Durch neue Stichwahl

Doch noch Gnadenfrist für die Große Koalition

Österreich
03.07.2016 19:12

Die Spekulationen um eine rasche Vorverlegung der Nationalratswahlen sind seit der höchstrichterlich verordneten Wiederholung der Nachfolge-Entscheidung für das Präsidentenamt verstummt. Zwei Urnengänge knapp hintereinander wollen die Strategen in den Zentralen der Regierungsparteien vermeiden. Damit erhält die SPÖ/ÖVP-Koalition jetzt eine Gnadenfrist - und Zeit für politisch überfällige Veränderungen.

Unter dem Titel "Flüchtlinge als Ausrede" listete bereits vor mehr als einem halben Jahr die "Frankfurter Allgemeine Zeitung" die notwendigen Reformen auf. Da hieß es, dass in Österreich die "Flüchtlingskrise den Blick vernebelt, aber nur eine robuste Wirtschaft der Herausforderung Herr werden" könne. Als eine der wichtigsten Aufgaben für die Regierung wurde die Sanierung der heimischen Staatskassen als solide Unterlage für neue Projekte genannt.

Bundeskanzler Kern (Bild: zwefo)
Bundeskanzler Kern

Pensionssystem und Bildung vor großen Herausforderungen
Ebenfalls als dringlich gilt in der Analyse eine Anpassung des heimischen Pensionsystems, damit beim "Rentenalter von weniger als 60 Jahren ein finanzierbares Niveau" erreicht wird - ein von Finanzminister Hans Jörg Schelling (ÖVP) immer wieder aufs Tapet gebrachtes Reformprojekt, das aber schon der ehemalige Sozialminister und Präsidentschaftskandidat Rudolf Hundstorfer (SPÖ) immer mit Vertröstungen auf die lange Bank geschoben hatte.

Auch die bereits seit Unterrichtsministerin Elisabeth Gehrer (Amtszeit 1995 bis 2007!) nach teilweise katastrophalen Ergebnissen bei den PISA-Studien eingeforderten Modernisierungen im Bildungsbereich kommen kaum bis überhaupt nicht vom Fleck.

Reinhold Mitterlehner (Bild: APA/HANS KLAUS TECHT)
Reinhold Mitterlehner

Völlige Übereinstimmung bei wirtschaftlichen Themen
Beim Thema "Wirtschaft ankurbeln" herrscht zwischen Bundeskanzler Christian Kern und Vizekanzler Reinhold Mitterlehner bei Einschätzung der Priorität völlige Übereinstimmung. Kern setzte bereits gleich bei Amtsantritt stark auf "Start Ups", also die Förderung innovativer Ideen und Jungunternehmertum. Diskutiert wird zwischen SPÖ und ÖVP derzeit auch intensiv über eine Absenkung der Bankenabgabe. Grundsätzlich gibt es da auch schon weitgehend Übereinstimmung. Offen ist allerdings noch, an welche Bedingungen diese steuerliche Entlastung der Finanzinstitute geknüpft werden soll.

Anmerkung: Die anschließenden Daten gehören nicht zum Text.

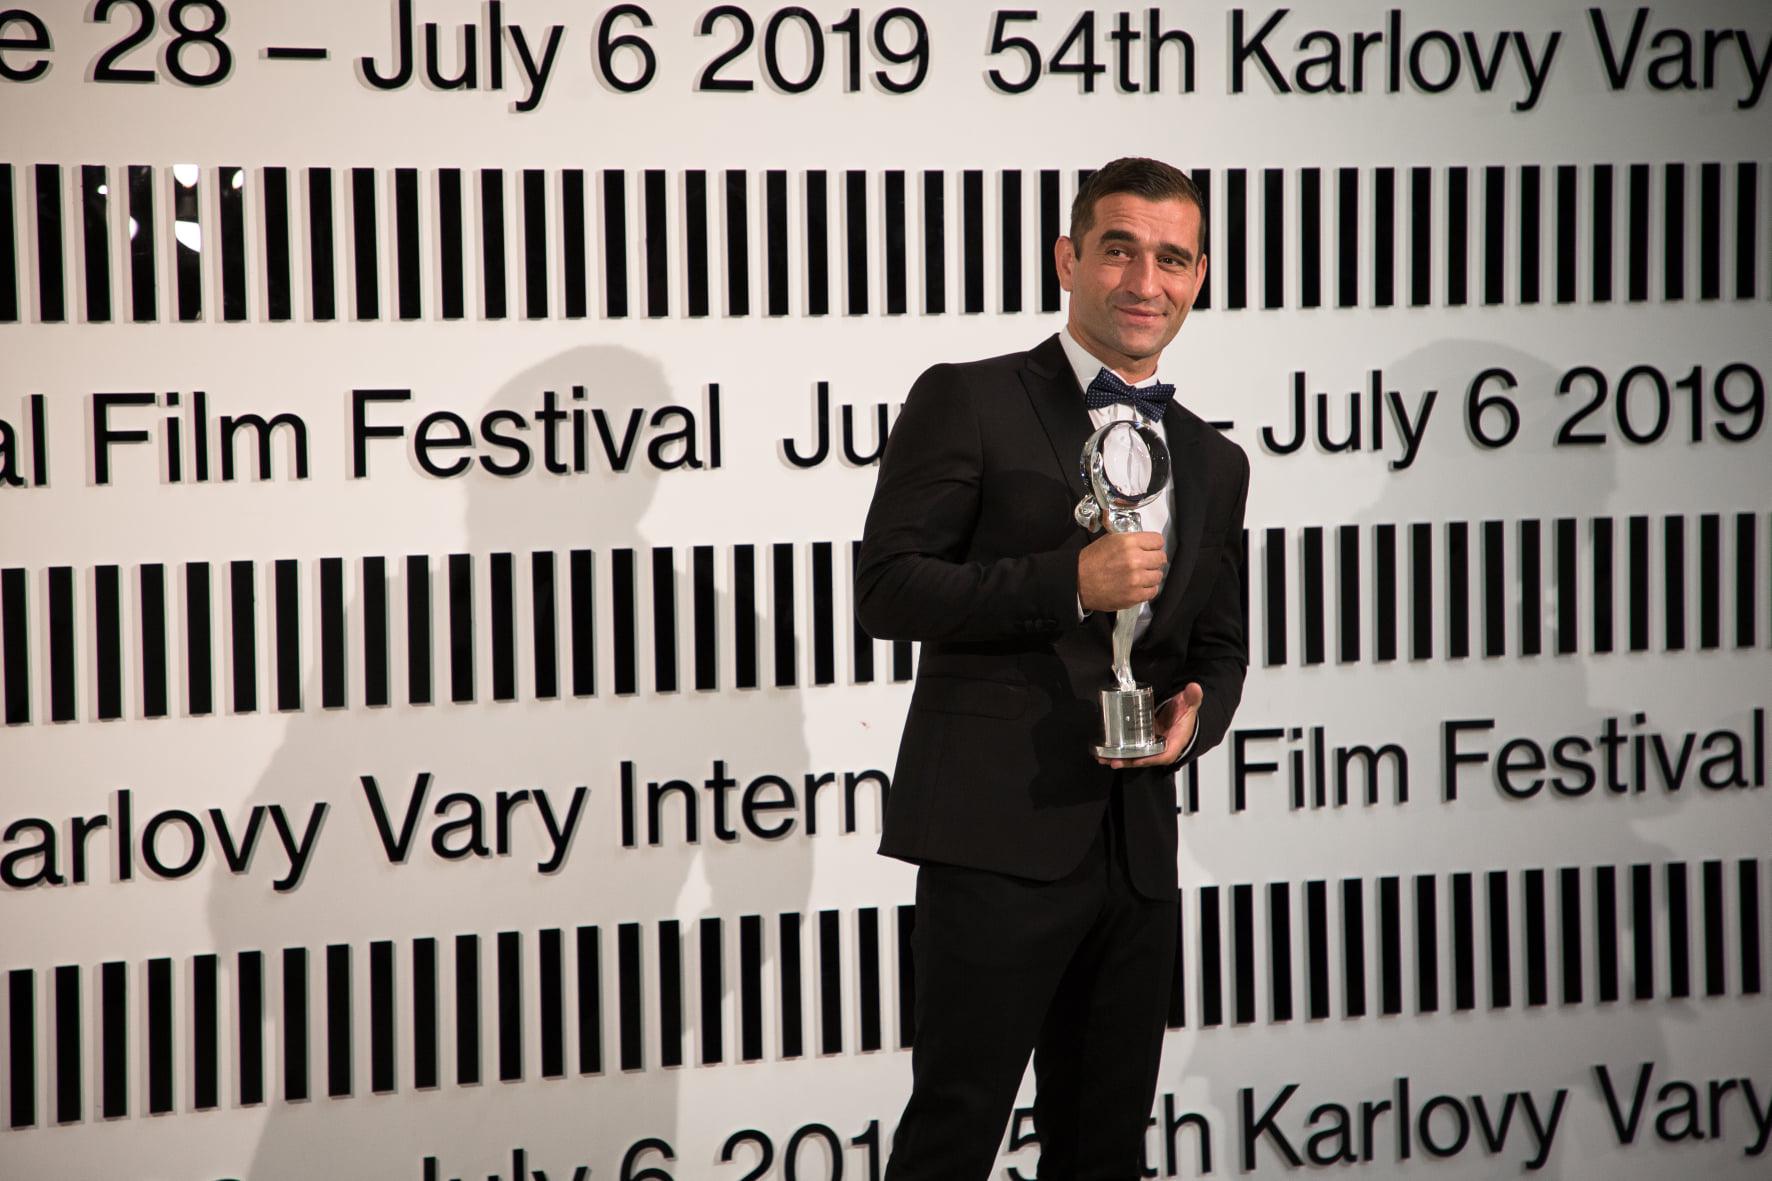 Milan Ondrík was granted the Best Actor Award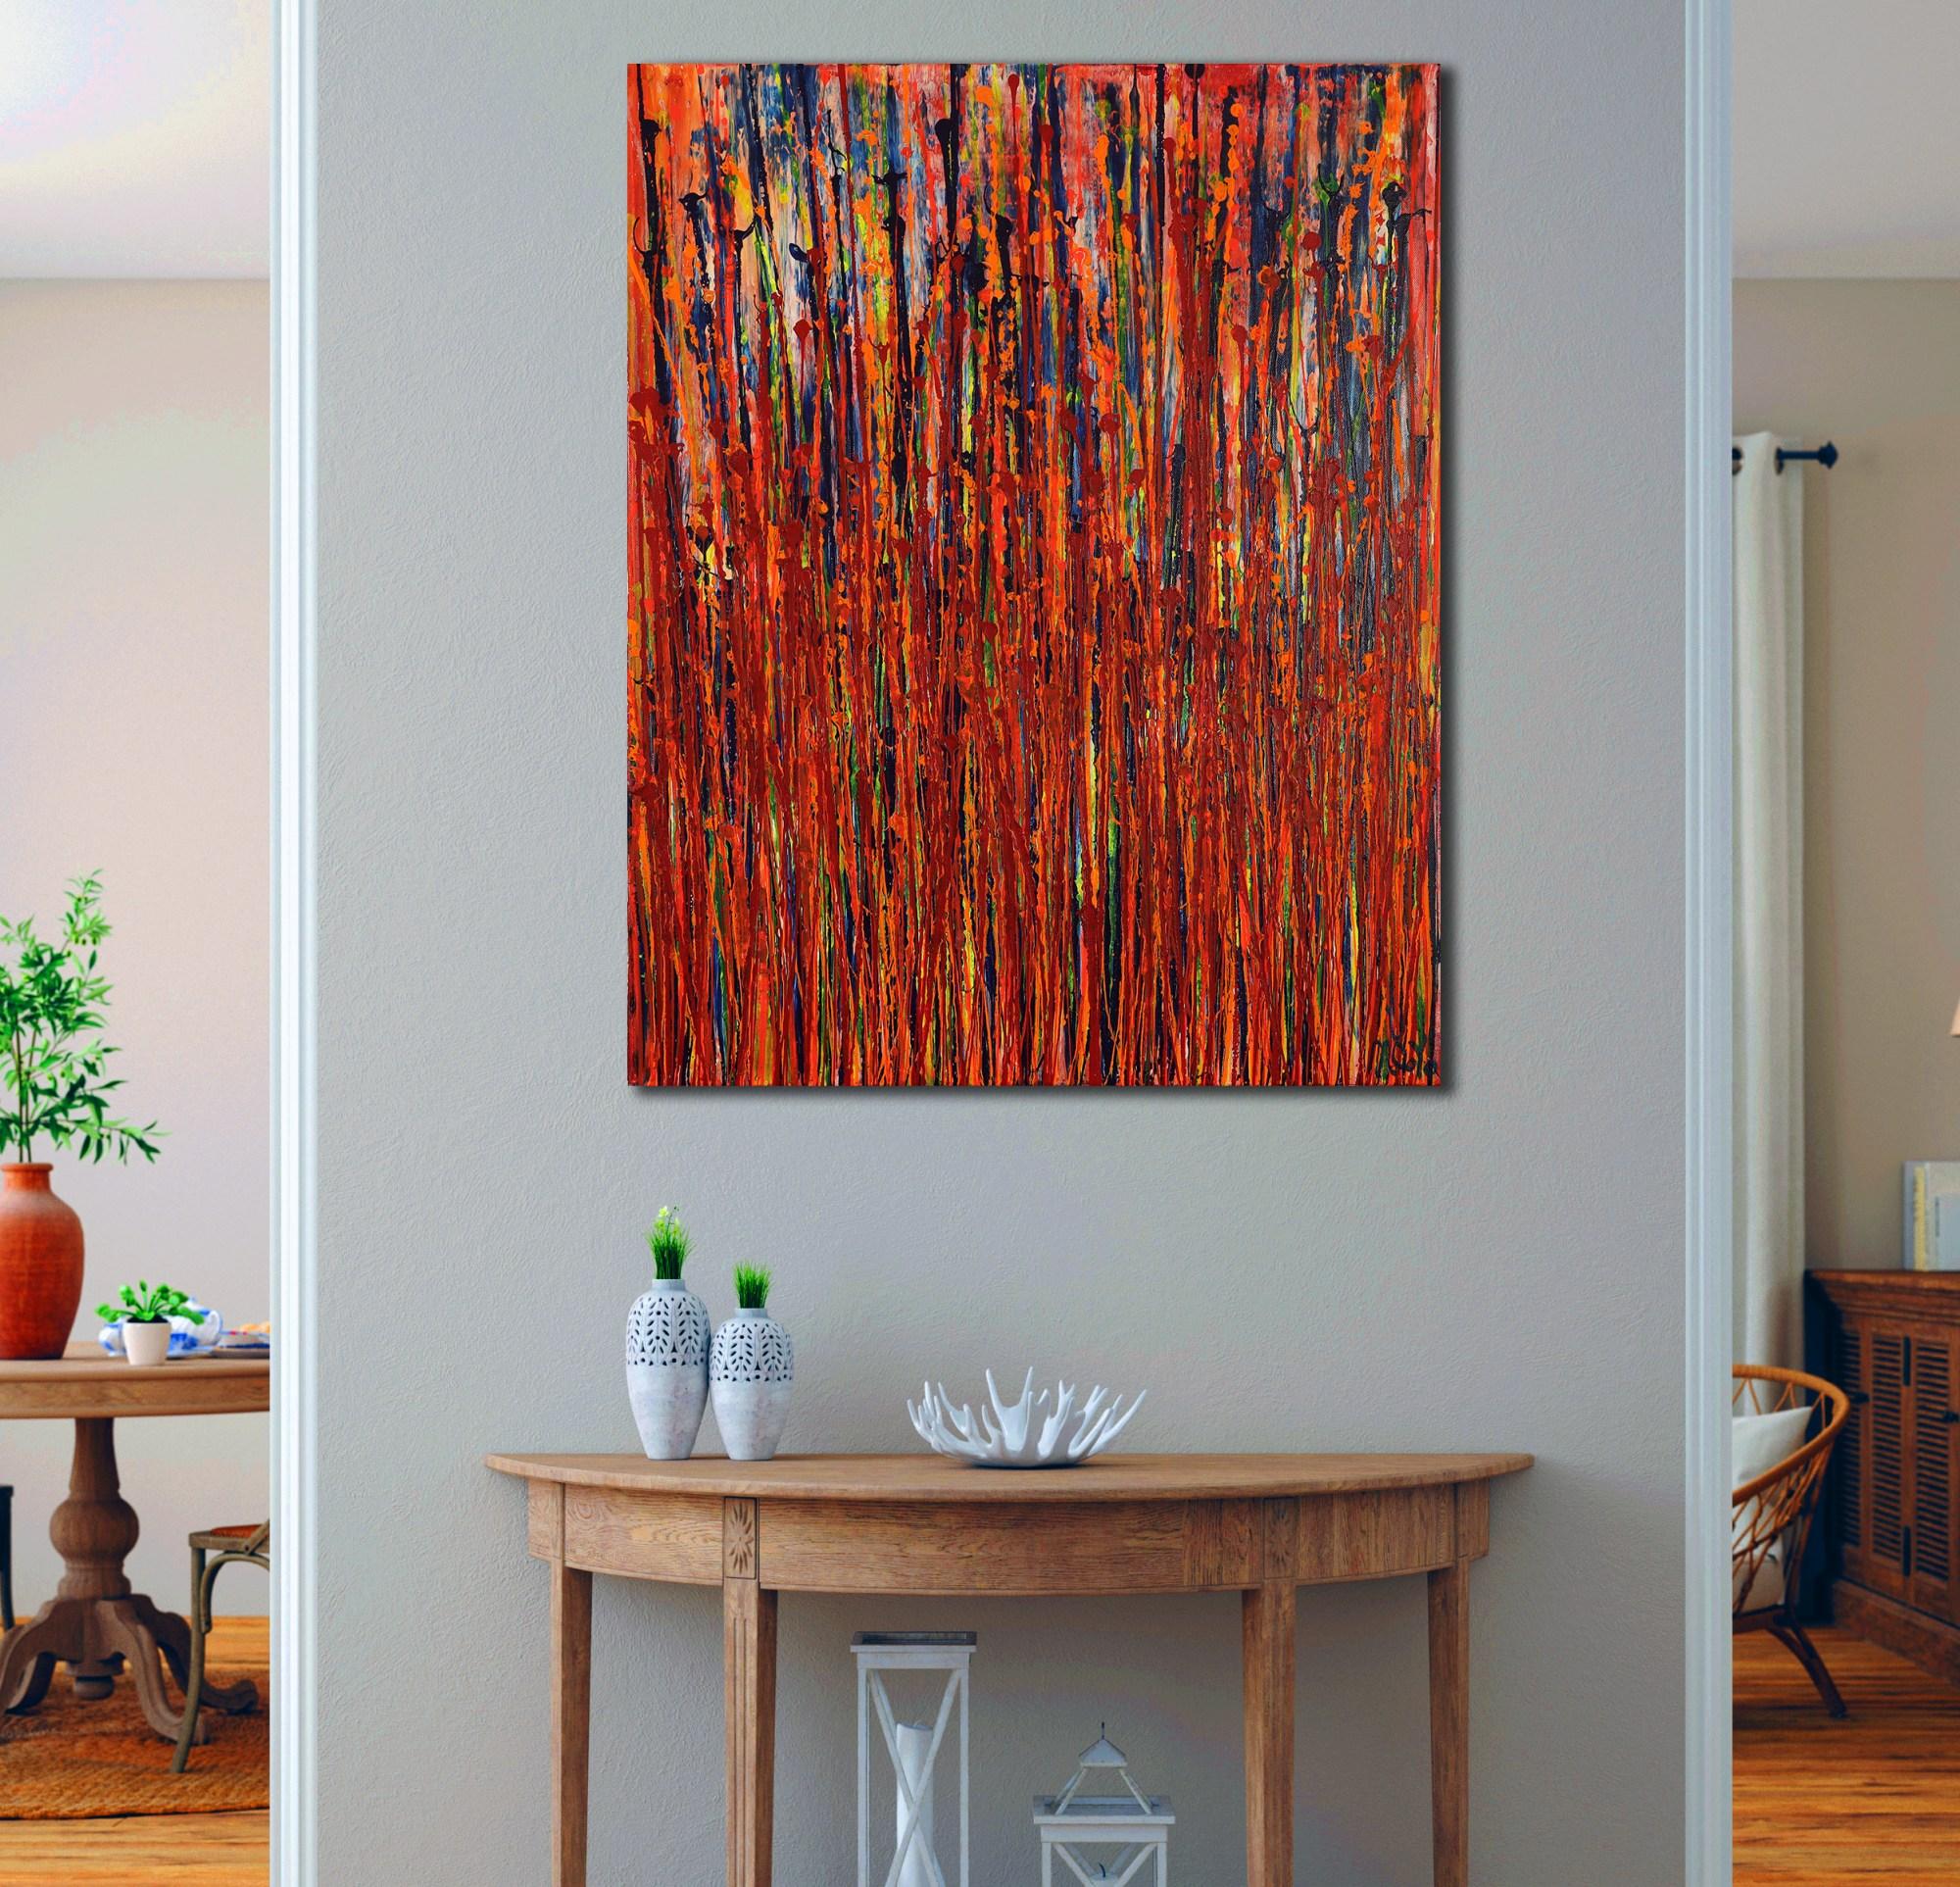 Room example / Panorama Astratto 1 (2021) 24X30 Inches / Artist: Nestor Toro

Zu den Schwerpunkten der Regierung gehört auch die Integrationspolitik sowie durch neue und wachsende Bedrohungslagen nötig gewordene Anpassungen bei der inneren Sicherheit (betrifft Polizei und Heer). Dauerbrenner bleiben die Deregulierung, Entbürokratisierung und Effizienzsteigerung bei Sozialversicherungen.

Kommentar von Claus Pándi: Vom "Kuschelkurs" zur "Kuschelzelle" 
"Kuschelkurs" - mit dieser Zuschreibung wurde im Spätherbst 2008 der koalitionäre Umgang beschrieben. Das lag am früheren, eher auf Harmonie bedachten Bundeskanzler Werner Faymann und dem leutseligen Vizekanzler Josef Pröll. Damals war die Welt aber noch ein Alzerl mehr in Ordnung. Und lange hielt der Frieden zwischen SPÖ und ÖVP ohnehin nicht. Statt Herzlichkeiten gab es immer öfter Hinterfotzigkeiten.

Nun könnte aber wirklich alles anders sein. Nicht nur Österreich, ganz Europa ist in eine dramatische Krise geraten. Die wirtschaftliche Lage bleibt mehr als prekär, die politischen Systeme wanken, das Vertrauen in das Vertraute geht verloren. In dieser Lage sollte keiner, der nur einen Hauch von Verantwortung spürt, mit dem Feuer spielen.

Da hat die höchstrichterlich verordnete Wiederholung der Bundespräsidenten-Stichwahl auch ihr Gutes. Die politische Vernunft verbietet jetzt allen, die in SPÖ und ÖVP eventuell mit diesem Gedanken gespielt haben sollten, sehr rasch vorgezogene Nationalratswahlen. Wer immer auf diese Idee käme, hätte die Höchststrafe durch das zornige Wahlvolk zu erwarten.

Bundeskanzler Christian Kern und Vizekanzler Reinhold Mitterlehner sitzen daher zumindest bis in das Frühjahr 2017 in der "Kuschelzelle". Dort haben die Spitzen der Regierung nun Gelegenheit, die notwendigen Veränderungen für dieses Land auszustreiten, auszuarbeiten und zu verwirklichen. Das ist eine Gnadenfrist - für die Koalition und für uns.